Illustration of sexism within activism – voice pitch, authority and feminism

Sexism in a protest situation? Surely not! :/

Though I found this article about unmasking and non violently removing an undercover cop from a group of protesters interesting for the obvious reasons, the reason I’m linking to it is because the sexist behaviour illustrated in the video is such a good example of something I’ve observed frequently in protest movements.

A group of activists are seen and heard questioning a suspected undercover cop. They ask him outright if he is a police officer, and working for the Metropolitan police – he admits to both. They then challenge him on the ethics of what he is doing, before surrounding him and excluding him from their midst. It was obviously a tense moment – nobody seems sure what to do, and having been in similar circumstances I imagine they feel shocked and adrenaline is probably running high.

There are two voices that we hear from the protesters side, one sounds female and I will call her “Jill” the other sounds male, and I’m going to name him “Jack”. The start of the clip shows Jill interacting with the cop. 5 seconds in she asks him how much he is getting paid. However Jack obviously thinks that Jill needs a hand :/ because before the cop can respond, Jack repeats Jill’s question, and then expands it into a longer rant, possibly deciding that the main point of the exercise is for everyone to hear the sound of his voice.  Jill obeys female socialised etiquette / common manners and waits for Jack and the cop to finish their interaction, and then tries to ask another question; “Are you working for the Met?” Almost before she’s finished Jack again butts in, repeating her question word for word. Jill has a further attempt, but Jack doesn’t even bother waiting for her to finish, and begins speaking directly over her, before tiring of the whole thing, assuming leadership, and ordering the other protesters to form a circle around the cop.

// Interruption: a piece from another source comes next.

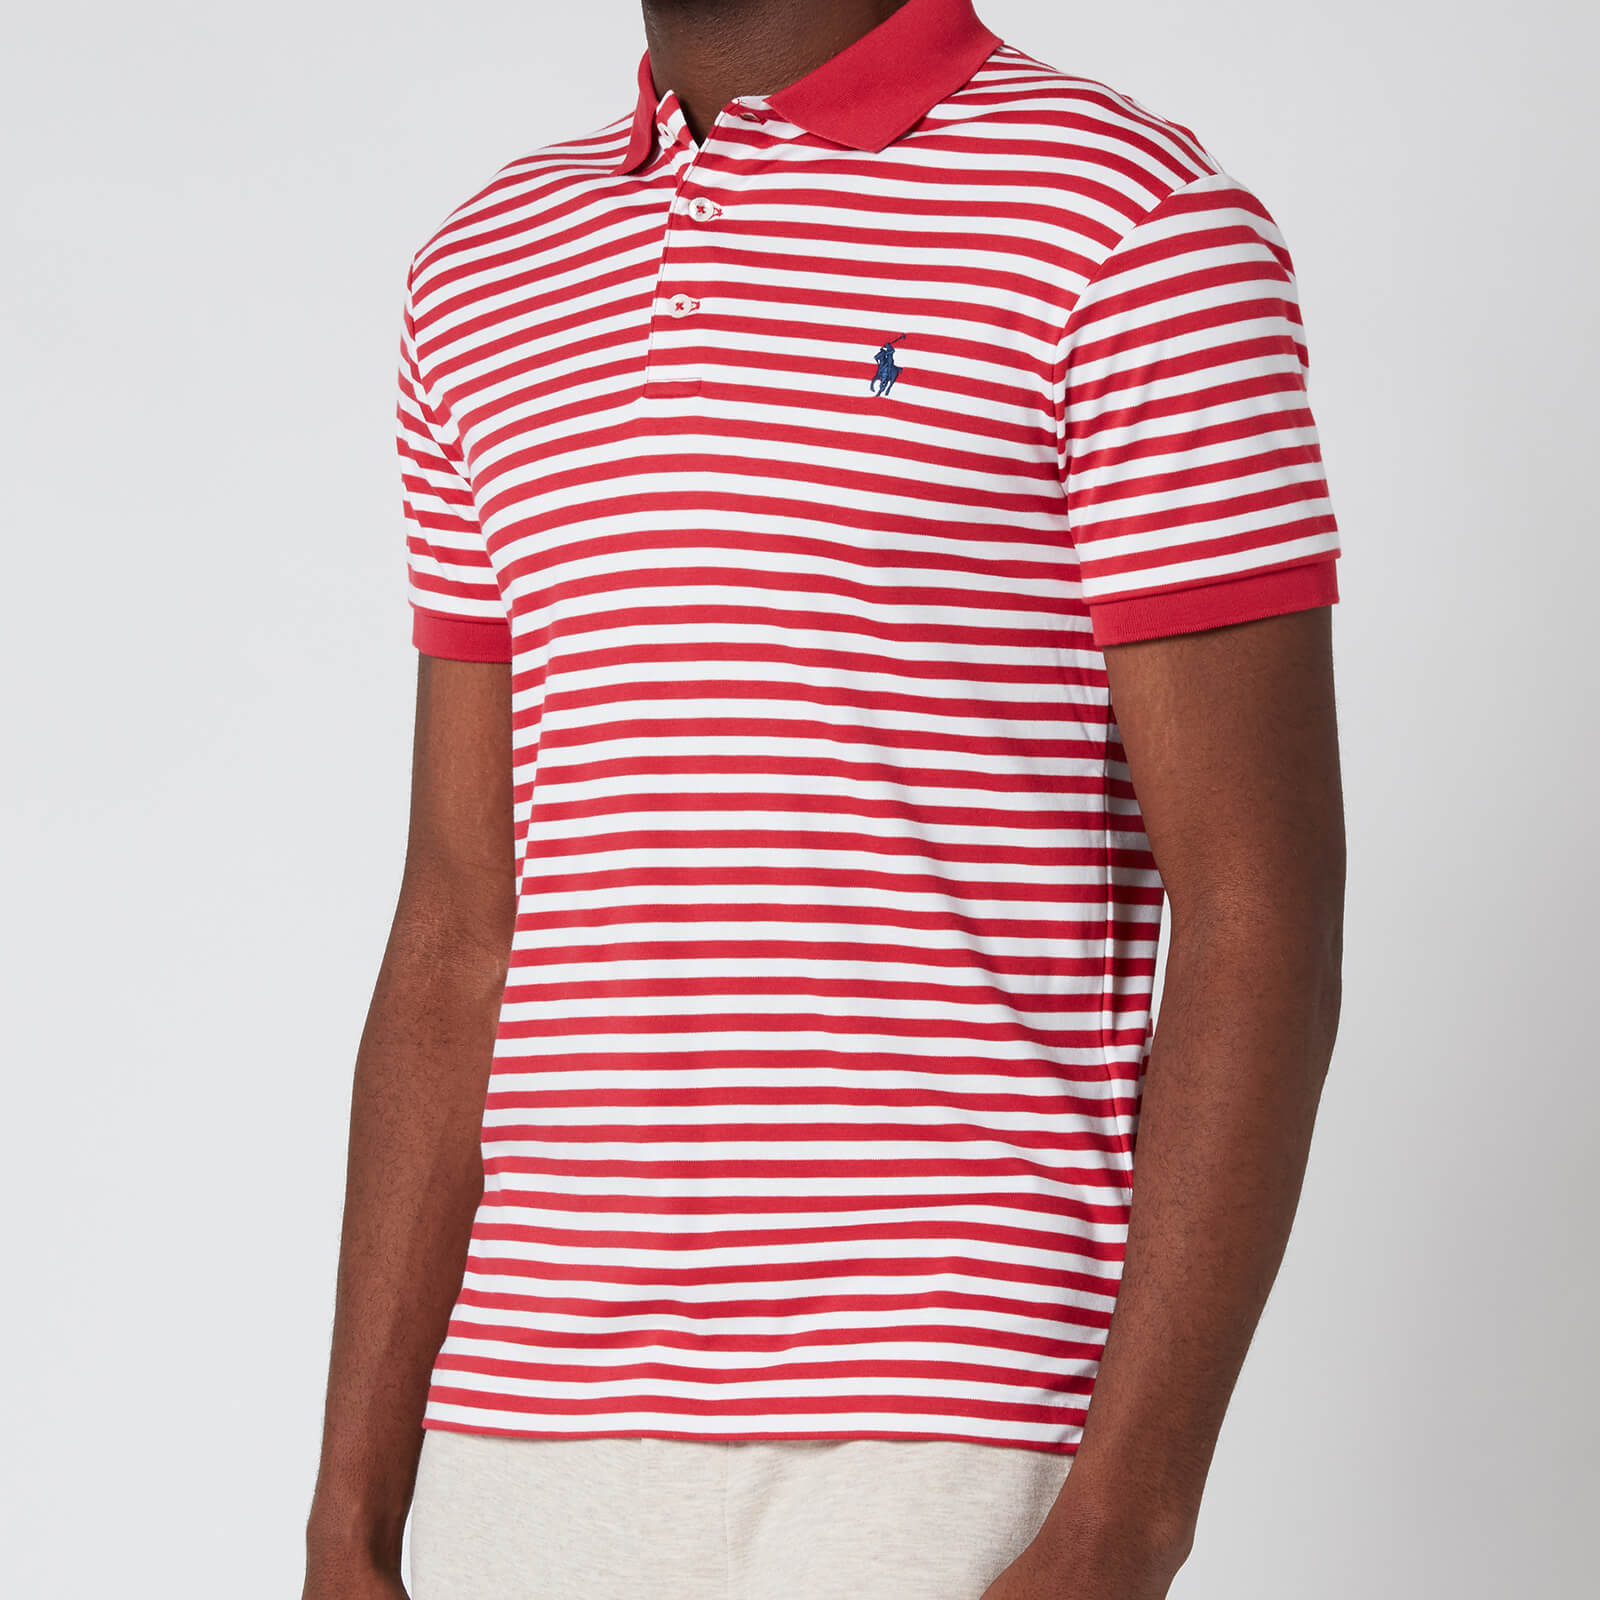 Polo Ralph Lauren Men's Interlock Striped Slim Fit Polo Shirt - Sunrise Red/White - S

Now I actually think that surrounding the cop and then excluding him from their midst was a good idea. And I understand that energies were running high, and Jack might be a perfect feminist normally. But this was still classic sexist behaviour. He clearly had heard what Jill had said, because he used her exact words, but he pushed her quieter, higher-pitched voice out of the conversation, and moved his own deeper voice centre-stage.

The sexual politics of voice and pitch are apparently linked to us hearing deeper voices as more authoritative and likely to be saying something worth listening to. Additionally females are socialised to cede whilst males are socialised to take up space, both physically and in abstract space such as in a conversation.

These socialisations of both males and females are deeply imprinted on us, and so it is not surprising that even those of us that are politically aware on many levels, even those who have good feminist understanding, will still display sexist behaviours. I’m not saying Jack is a bad activist, indeed I like his solution to the presence of the undercover cop. Nor am I saying that Jill was wrong or stupid to relinquish space to Jack, or to have not challenged him. What I want is for us all to be aware of how sexism can exhibit itself. I want men to be aware of behaviours that they have been socialised into, and to notice when they or other men do them, and begin to learn new ways of being. To recognise that women’s voices are still being silenced and to understand why this is and address it. Unmasking and excluding sexism from our movement is less glamourous, but as urgent and important, if not more so, than unmasking and excluding undercover cops.